Робби — сын недавно титулованного лорда Гастинга Хантера, который прославился изобретением нового вида стекла — его можно было обжигать в печи. Лорд купил большое имение под Кембриджем, выделил одну из комнат для своих экспериментов и зажил жизнью сельского помещика, вместе с женой. А этот мальчик, по словам Нэнси, появился на свет в результате интрижки Хантера с горничной. Молодой испанкой, ни слова не знавшей по-английски. Девушка быстро надоела лорду, но он согласился содержать ее и ребенка и даже оплатить обучение мальчика в обмен на молчание. Молчание ее и довело: говорят, она наложила на себя руки.
Как не стыдно, повторяла, покачивая головой, Нэнси, так обращаться с горничной, оставлять ребенка без отца? Неудивительно, что им все сочувствуют. И все-таки, многозначительно глядя на меня, говорила она, ее светлость вовсе не в восторге от такого гостя. Не нашего он поля ягода.
Понять ее было несложно: есть титулы и титулы — одни передаются от поколения к поколению, другие сверкают, что твой новый автомобиль. Робби, сын (неважно, законный или нет) новоявленного лорда Хантера, был недостаточно хорош для Хартфордов, а значит, и для нас.
— Ну расскажите! — просила Эммелин. — Чем вас обидел ваш папа?
— Что еще за допрос? — улыбаясь, перебил ее Дэвид и повернулся к Робби: — Извини, Хантер. Эта парочка на редкость любопытна. Им общения не хватает.
Эммелин с улыбкой кинула в него ворохом бумаги. Бумага не долетела и свалилась в кучу других оберток, разбросанных под елкой.
— Ничего страшного, — напряженно ответил Робби и отбросил с лица прядь волос. — С тех пор, как умерла мама, отец пытается меня приручить.
— А вы? — спросила Эммелин.
— А я не хочу, чтобы меня приручали. Особенно он.
— А зачем он это делает? — не отставала Эммелин.
Робби грустно улыбнулся:
— Отец долго пытался забыть о моем существовании, а теперь вдруг сообразил, что ему нужен наследник. Жена, видимо, не смогла подарить ему сына.
Эммелин переводила непонимающий взгляд с сестры на брата.
— Вот Робби и собрался на войну, — подытожил Дэвид. — Чтобы отвязаться.
— Сочувствую, — нехотя выдавила Ханна.
— И я, — поддержала Эммелин, ее детское личико выражало искреннюю жалость. — Вы, наверное, очень тоскуете по маме. Я, например, страшно тоскую по своей, хотя совсем ее не помню.
Наступила тишина. Потом Робби, не поднимая головы, сказал:
— Мне кажется, будто я был в нее влюблен.

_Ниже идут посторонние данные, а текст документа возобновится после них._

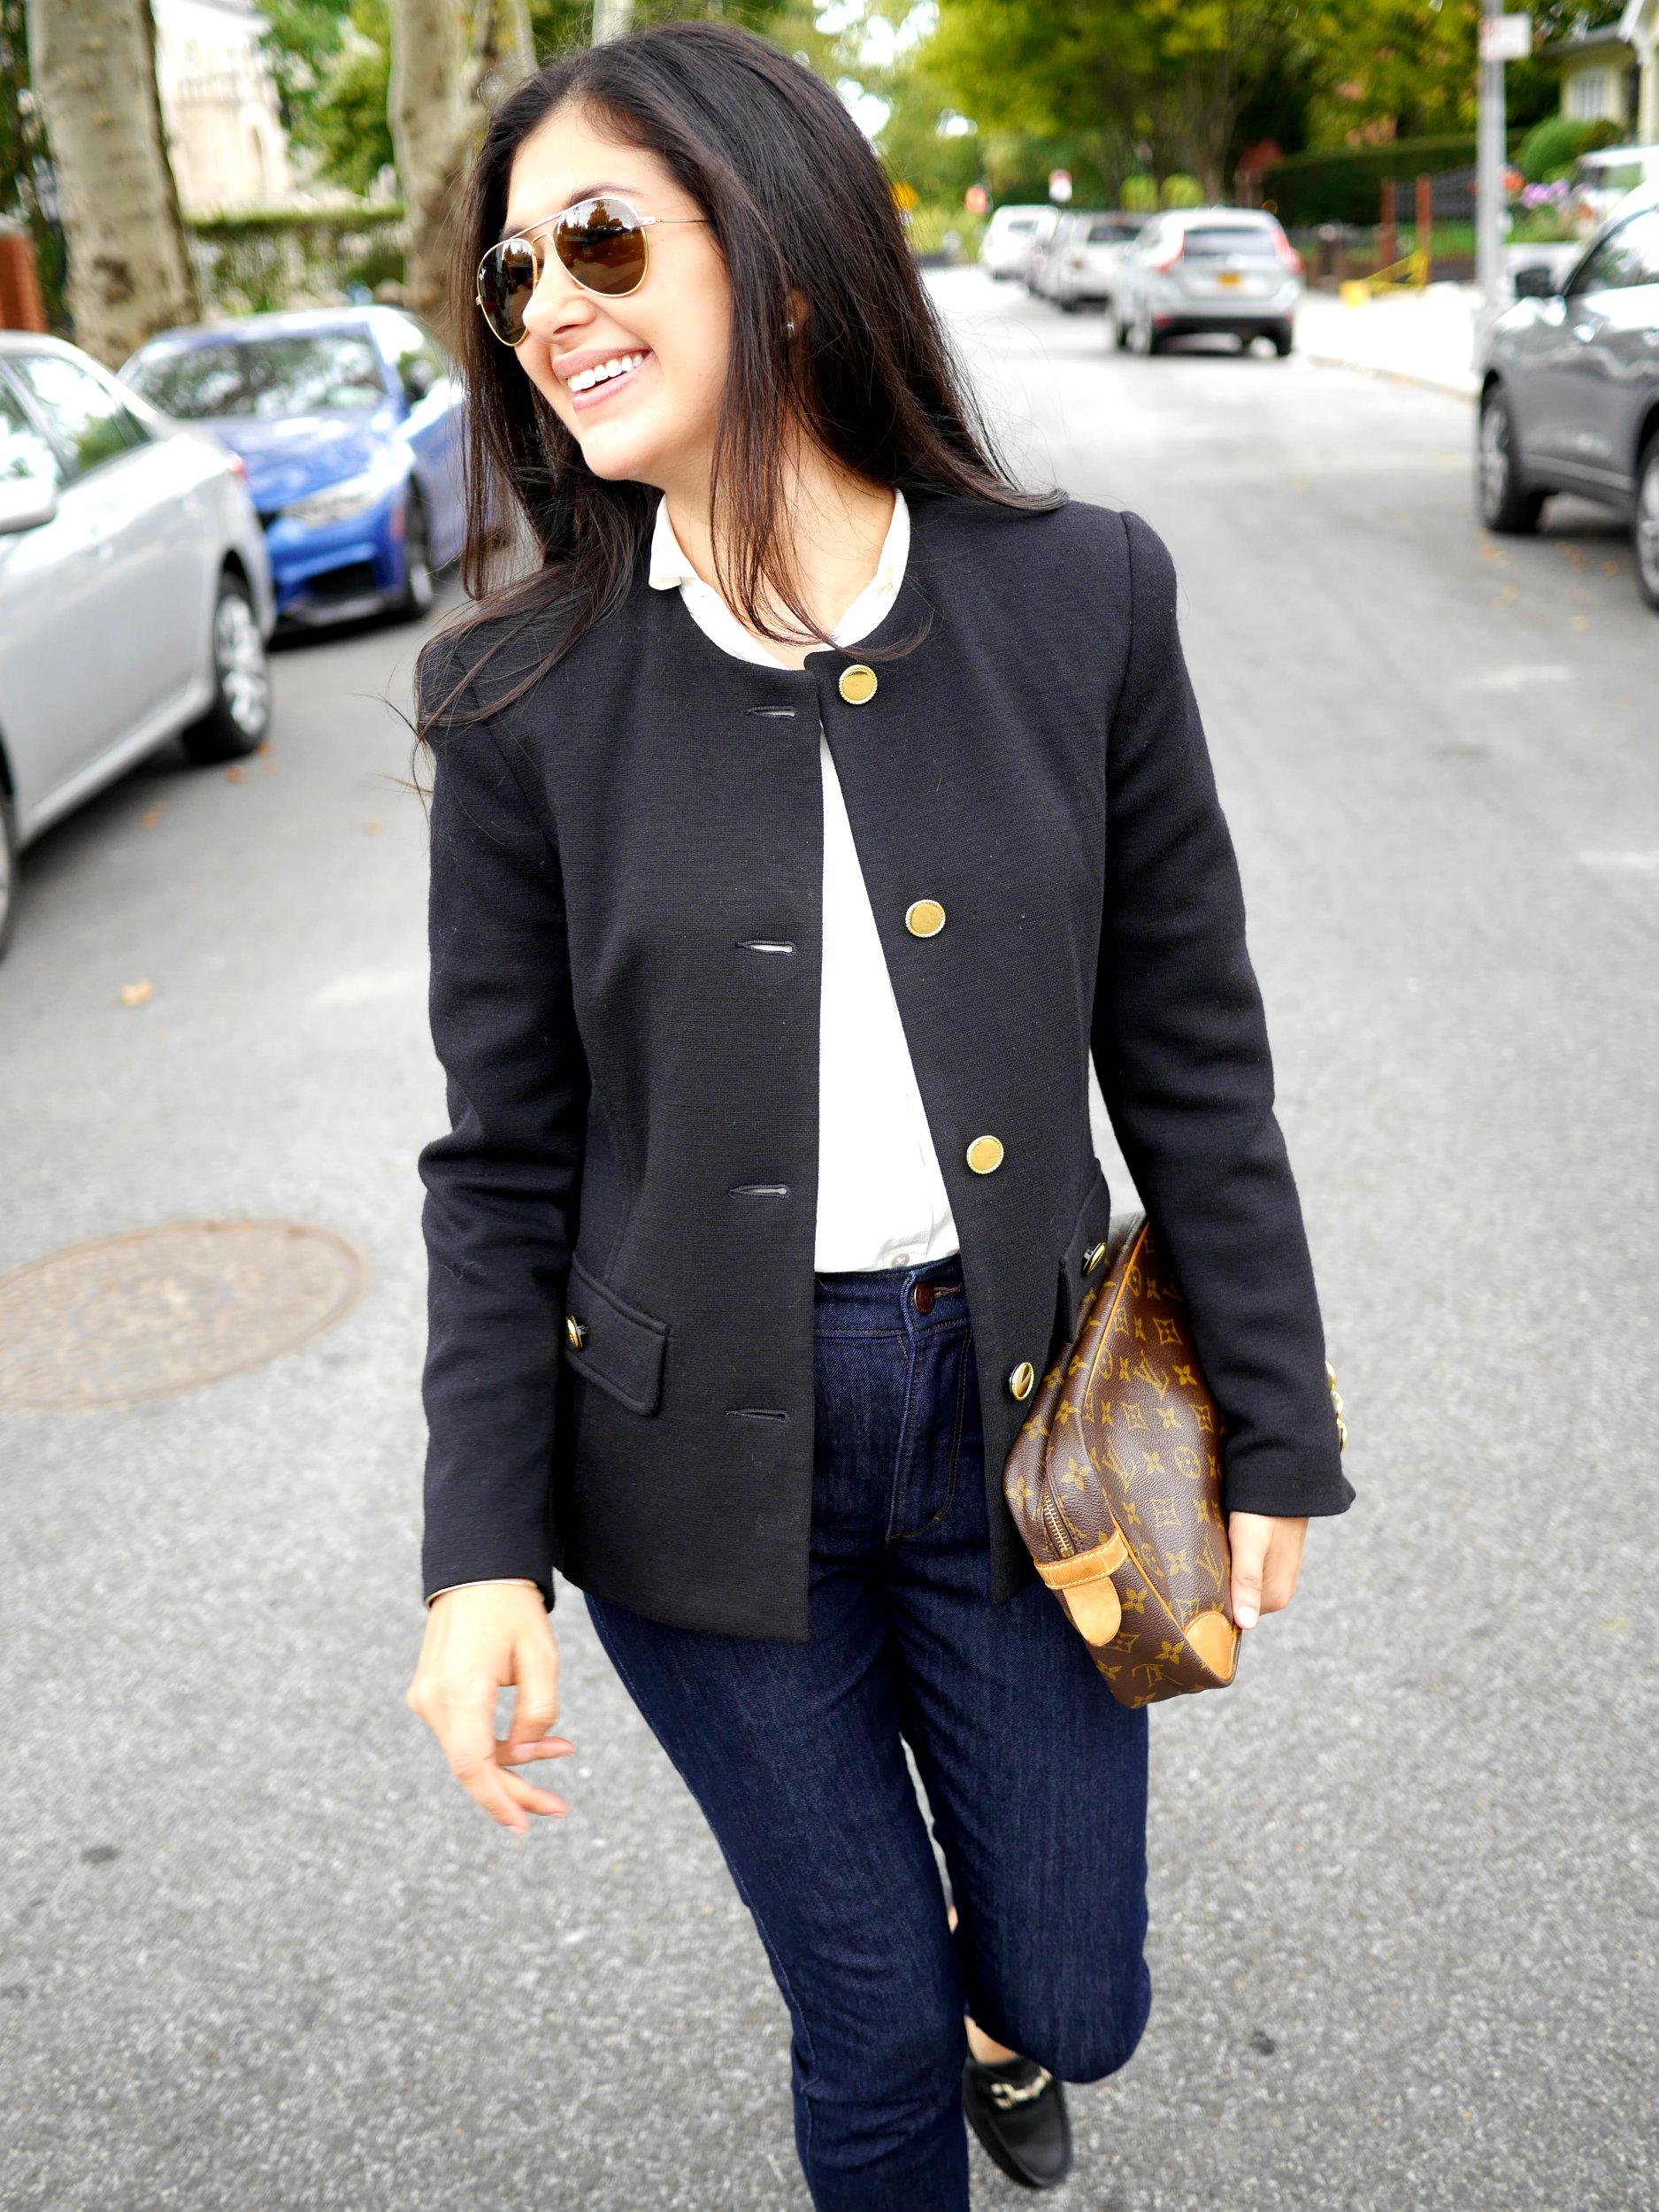 Brooks Brothers Blazer Everlane Silk Shirt Gucci Loafers Ray Ban Aviators Louis Vuitton Clutch

Странно, да?
— Да нет, — отозвалась Ханна.
Эммелин вздохнула:
— А теперь вы идете на войну, чтобы оказаться подальше от жестокого отца. Прямо как в книжке.
— В мелодраме, — сказала Ханна.
— Нет, в романе, — горячо возразила Эммелин. Она развернула очередной сверток, и на колени ей высыпалась куча самодельных свечей, наполнивших воздух ароматом корицы.
— Бабушка говорит, что долг каждого мужчины — идти на войну. Те, кто остается дома, дезертиры и негодяи.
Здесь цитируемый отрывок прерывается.